The ability to directly and discreetly transact with one another is what makes Bitcoin special. It is imperative on all of us lucky fools who got to see Bitcoin when it was still playing at the Cavern to remind people why that was, and is still, so important.
See also: Justin Wales – Why Bitcoin Is Protected by the First Amendment
The next year will be a lot of fun, but also a time when many new voices will be given a space to propose ways to take Bitcoin mainstream. In the goal of attracting institutional investors, many will cheer on regulations that undercut our ability to transact with Bitcoin without institutional or governmental approval. In other words, regulations that aim to change the fundamental characteristic that made Bitcoin special in the first place.
We already see this happening with rumors of impending regulations on the ability to send funds to self-hosted wallets from money service businesses and exchanges. Such restrictions are bad for Bitcoin and privacy generally and will require a lot more than retweets to be stopped. With your newfound gains, I recommend donating money to groups like Coin Center that fund research and advocacy focused on upholding the principles of liberty and privacy that were so vital to Bitcoin’s founding.
As bitcoin becomes corporatized, it is imperative that its first objective of democratizing finance through disintermediation endures.
One last thing about the Beatles: I do genuinely love them. There is no better music made as far as I am concerned. Because being a Beatles fan is so core to my identity, I have been gifted a lot of Beatles merchandise over the years. Last year, someone bought me a collection of officially licensed Beatles dress socks back before virus regulations shuttered my law office. Not 10 minutes after I put on a pair of these socks, I felt a tear, and sure enough, I tore a hole in the sock. I sat there looking down at my big toe popping out of John Lennon’s torso under the words “REVOLUTION.” I realized right then that these socks had nothing to do with The Beatles. It was just a product created to make a buck without offering me anything that made The Beatles special other than its branding.

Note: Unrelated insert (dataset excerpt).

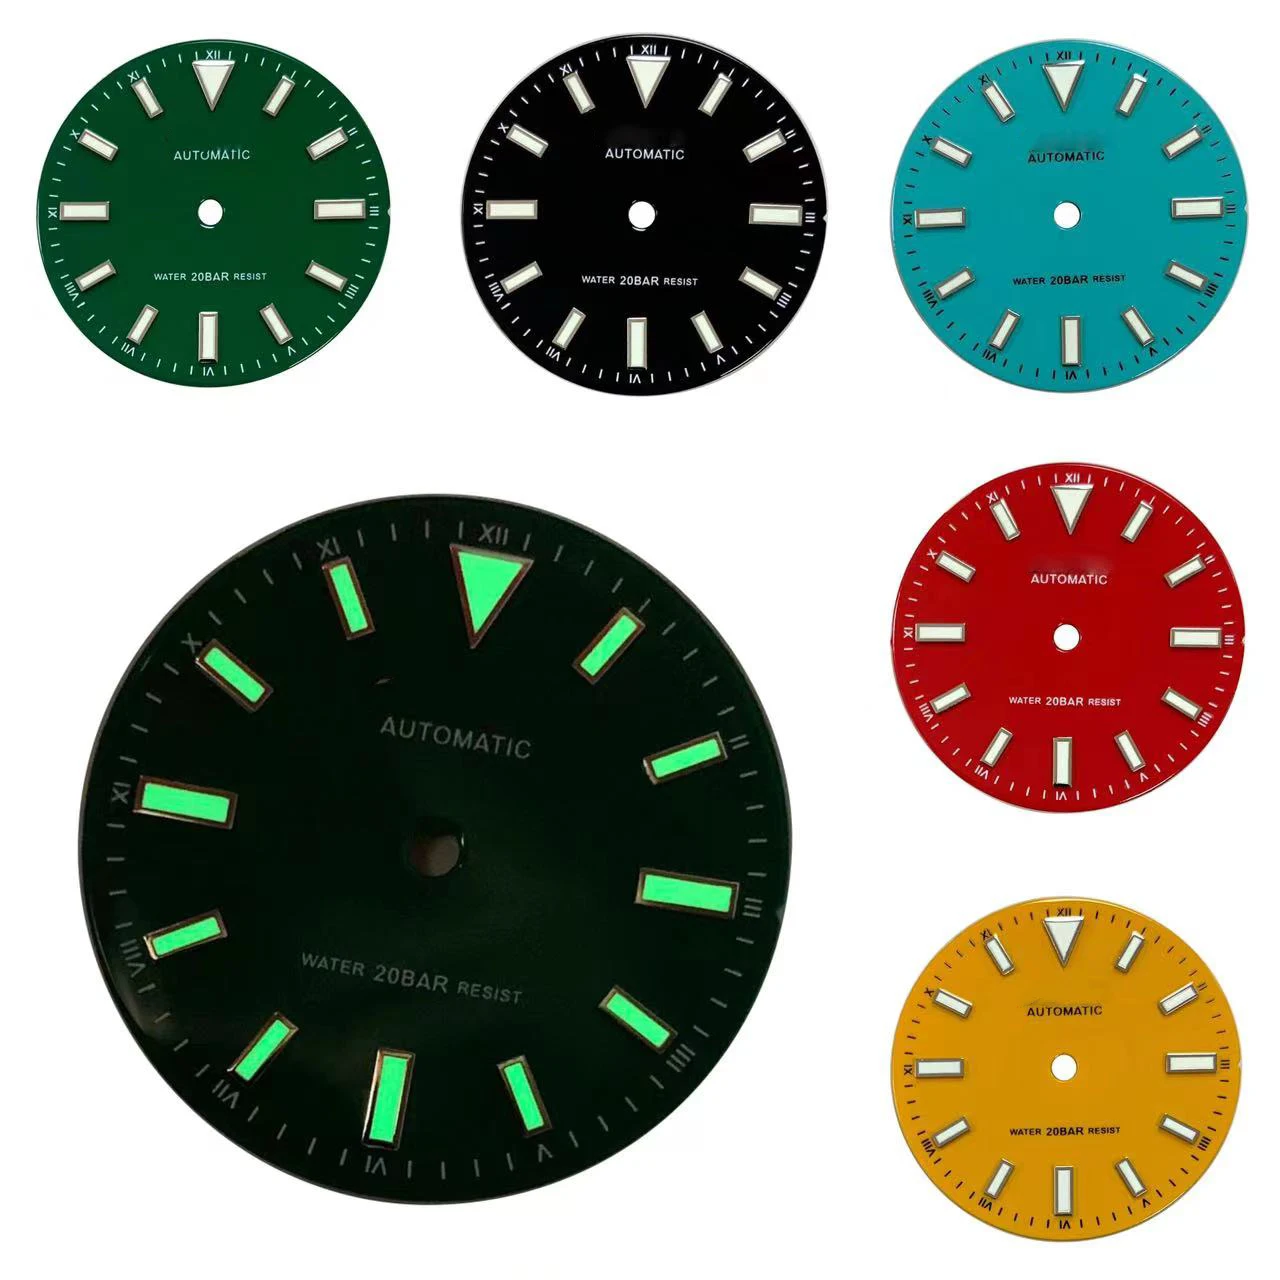 

Аксессуары для часов с гладким циферблатом 28,5 мм, модифицированным японским NH35 и NH36 автоматическим движением, излучающим зеленый цвет

It was a product masquerading as something revolutionary. How pathetic.
My bet is Bitcoin will be around for a long, long time. As large institutions and the CNBC crowd continue to recognize it as an investment opportunity, there will be an increasing number of ways for people to interact with “Bitcoin.” But at some point, we’re going to need to ask ourselves whether the things we brand as bitcoin are so centralized and overregulated that they no longer work toward achieving Bitcoin’s original goal of spurring a financial revolution.
As these “bitcoins” become corporatized and regulated into the mainstream, it is imperative that Bitcoin’s first objective of democratizing finance through disintermediation endures. The alternative is Bitcoin loses the very innovative principles that allowed it to grow in the first place and becomes just another product masquerading as something revolutionary. How pathetic would that be?